### WHAT IS NEEDED
Where the listing below reaches the line containing "Free Rose J", start writing out lines exactly, and stop once the line containing "of an African" has been written.

### DATA RECORDS
'''

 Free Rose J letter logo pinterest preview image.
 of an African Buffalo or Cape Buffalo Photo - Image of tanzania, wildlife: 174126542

'''
'''

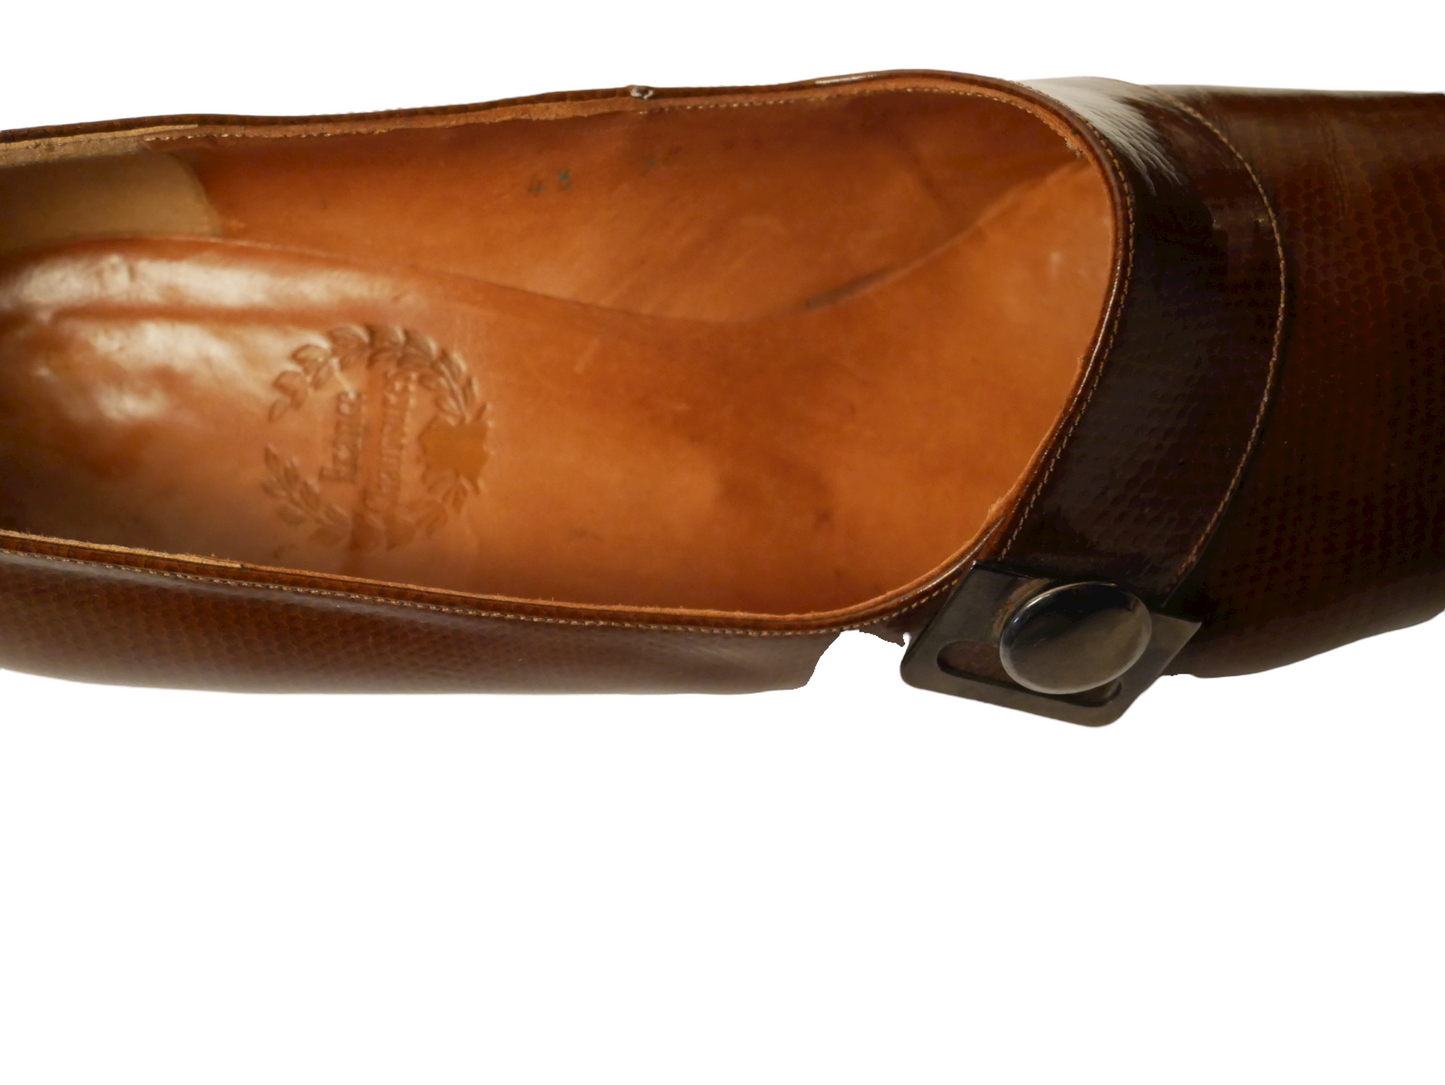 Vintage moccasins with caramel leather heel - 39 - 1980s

'''
'''

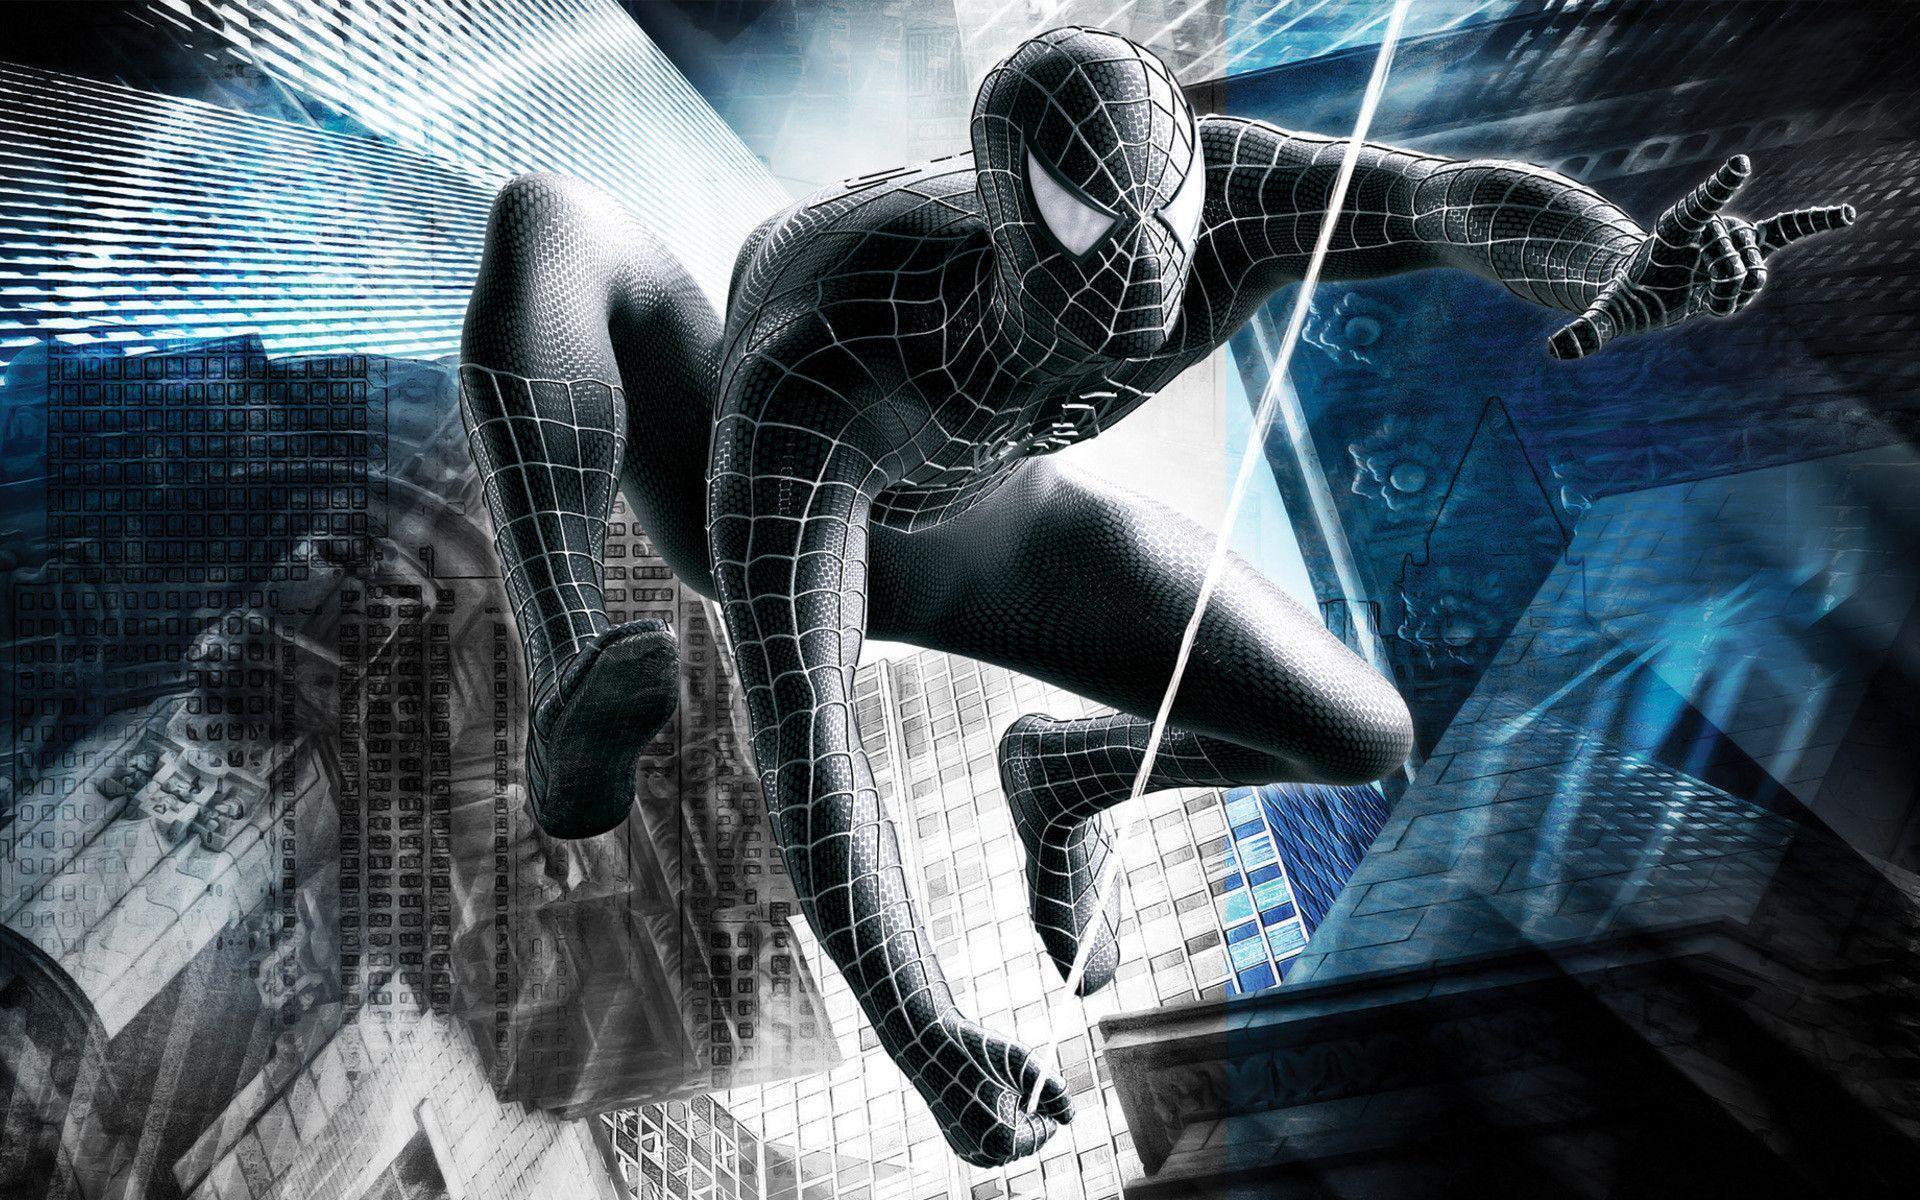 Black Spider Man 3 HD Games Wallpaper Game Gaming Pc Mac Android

'''

### TASK OUTPUT
 Free Rose J letter logo pinterest preview image.
 of an African Buffalo or Cape Buffalo Photo - Image of tanzania, wildlife: 174126542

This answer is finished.